Keith Fitz-Gerald: Oh, yes. Emotionally, it’s very, very trying, and this assumes, of course, that you have the balance of your portfolio appropriately allocated and properly protected, because you don’t want to take unnecessary risks and you never want to try and catch a falling knife.
But if you have an opportunity that is unloved, unrecognized, and yet, still has tremendous promise, it’s a great opportunity to wade into the market, and let me give you an example:
Sir John Templeton, in 1939, borrowed $10,000, and he bought shares in every single company on the New York stock exchange that was trading under, I think it was $1, at the time. He made money on 100 out of 104 companies that he purchased and quadrupled his money.
He understood that war—while unpleasant, and the world was going to be plunged into chaos for maybe even years—would ultimately produce solid rebound. I’m betting the same thing is happening in parts of the world today.
Steve Halpern: Now, a good example of your contrarian style is your willingness to look beyond the headlines and take a bullish stance on select Russian equities. In your latest newsletter, you called this an opportunity to capitalize on the chaos, could you expand on that?|pagebreak|
Keith Fitz-Gerald: You bet. Many people are absolutely upset, and rightfully so, about what Russian president Vladimir Putin is doing in the Ukraine. I would not be surprised if he has engineered this entire crisis on the grounds of legitimacy.
He believes the Ukraine belongs to Russia, and it should be a part of the Russian sphere, or orbit, if you use a political term.
I think, ultimately, that this is going to do very little to Russian equities, and that the promise of that market is too big to be ignored, so I’m very happy to wade in, like Sir John Templeton did on the eve of World War II, and take select positions where I can identify potential.
Steve Halpern: Let’s look at two specific ideas where you see some upside potential despite the scary headlines in Russia, and the first is Yandex (YNDX). Could you tell us about that company?
Keith Fitz-Gerald: Yandex is a very interesting opportunity to me. Really, for lack of a better term, it’s the Russian Google. It’s down 25%-30% year-to-date, yet the company has got average annual revenue growth approaching 50% over the last three years.

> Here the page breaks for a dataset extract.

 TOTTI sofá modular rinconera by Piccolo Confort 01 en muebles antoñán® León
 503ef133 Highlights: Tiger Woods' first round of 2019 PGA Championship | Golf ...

Net income is up over 60% over the same time period. The bottom line is growing. I think you cannot ignore something as compelling as that, especially in an era where everybody is getting more and more Internet-connected, I wouldn’t say savvy, but definitely connected. To me, you want something like a Google on that part of the world.
Steve Halpern: Now, you also see a contrarian opportunity in a company called Mail.ru Group (MLRYY). What’s the story behind this company?
Keith Fitz-Gerald: Well, it’s interesting because Mail.ru really is the operator of the Russian version of Twitter. Now, as much as I dislike Twitter here in the United States, I’m perfectly happy with Mail.ru because I think it’s a great bargain.
I think that people are interconnected using their devices there to a much greater degree than we see here. They rely on them differently, and that’s something I simply want to get ahold of. The business proposition behind interconnectivity does not change no matter what Putin does in the Ukraine.
Steve Halpern: With both of these companies, it appears your recognizing a very real difference between investing in Russia, in general, versus investing in the specific fundamentals of these companies.
Keith Fitz-Gerald: Yes, that’s absolutely correct. I think the fundamentals of the company are tremendously mispriced by virtue of the headlines, which is why I’m willing to ignore them and look beyond.
Steve Halpern: Well, we really appreciate you taking the time today. Thank you for your insights.
Keith Fitz-Gerald: It’s an honor. Thank you.